Mathematically, we've shown $\vec{F}\cdot\vec{d} = \Delta \textrm{KE} +\Delta \textrm{PE}= \frac12mv_f^2-\frac12mv_i^2 + mg\left(h_f-h_i\right)$.

This suggests that the cumulative pull of the skier by gravity has given rise to the kinetic energy of the particle at the expense of his initial potential energy. Thus, we can either look at the exchange as work done on the skier by the gravitational field, or as a reallocation of potential energy to kinetic energy.

This relationship would be quite useful if it holds in general, but as yet, it is just a nice coincidence we've noticed in our calculation. Next we look to Newton's laws for a way to put it on firm ground.

Newton's laws: a basis for workAccording to the second law, we have the following relationship between changes in velocity and a net applied force (for simplicity we work in one dimension, though the result easily generalizes):

$\begin{aligned}F_\textrm{net}&=ma\\ &=m\frac{\Delta v}{\Delta t}.\end{aligned}$

Rearranging, we have

$\begin{aligned} F_\textrm{net} \Delta t &= m \Delta v \\ &= \Delta p.\end{aligned}$

Because $\displaystyle\Delta x = v \Delta t$, we can write $\displaystyle F_\textrm{net} \Delta x / v = m \Delta v$, or

$F_\textrm{net} \Delta x = m v\Delta v.$

This relation shows that if the object is traveling with velocity $v$ and it is pushed through some small distance $\Delta x$ parallel to the force $\displaystyle F_\textrm{net}$, it will pick up the additional velocity $\displaystyle \Delta v = \frac{F_\textrm{net}\Delta x}{mv}$.

In three dimensions, our result is $\displaystyle \vec{F}_\textrm{net}\cdot\Delta\vec{x} = m\vec{v}\cdot\Delta\vec{v}$.

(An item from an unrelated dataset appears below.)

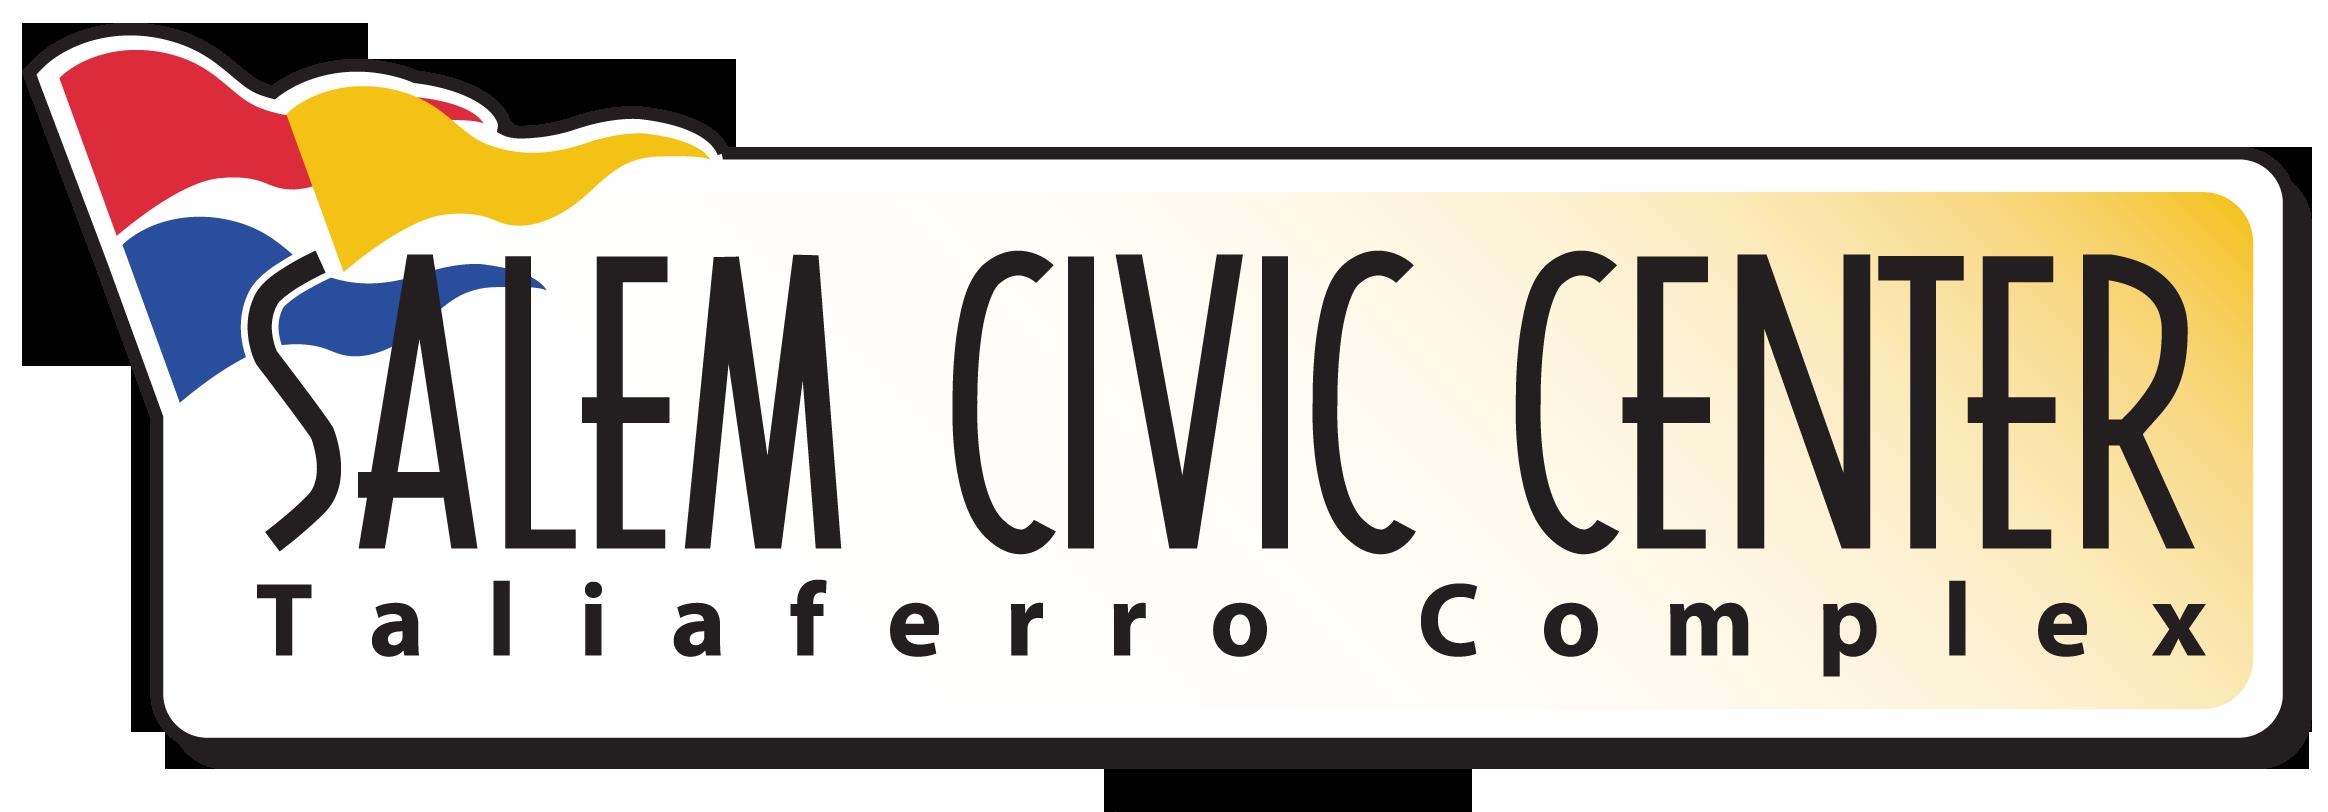 salemciviccenter_logo2_plaque.png

This relation provides the basis for what we suspected above, that forces can do work to endow particles with kinetic energy. We can now exploit the relation to prove the work-kinetic energy theorem.

**Relation between work and kinetic energy**

Work-Kinetic Energy TheoremThe net work (i.e. work minus work performed against any external fields) done by the force on an object is equal to its change in kinetic energy:

$\Delta \text{KE} = \int \vec F \cdot d\vec s.$

Now think about the ways in which you can prove this theorem before you reveal the proof, try proving it yourself, and don't worry if you weren't able to crack it because most of the people can't do it in a single go.

Proof 1:If we add up all of the incremental pushes $F_\textrm{net}\Delta s$ that the particle receives over the distance $d$, we get $F_\textrm{net}\sum \Delta s = F_\textrm{net}d$. However, we showed that $F_\textrm{net}\Delta s = mv\Delta v$, so we have $F_\textrm{net}d = m\sum v\Delta v$, a sum over the incremental increases in velocity.

Let us now perform the sum of the $mv\Delta v$. To start, when $v$ is zero, $mv$ is zero; at the end, it is equal to $mv_f$. If we divide the increases up into $n$ equal pieces, the velocity increases $\Delta v$ are each given by $\frac{1}{n}v_f$, which we can pull out of the sum so that the sum becomes $\dfrac{v_f}{n}\sum v$. Suppose we divide the velocity increase over many moments so that $n$ is large and the changes are small.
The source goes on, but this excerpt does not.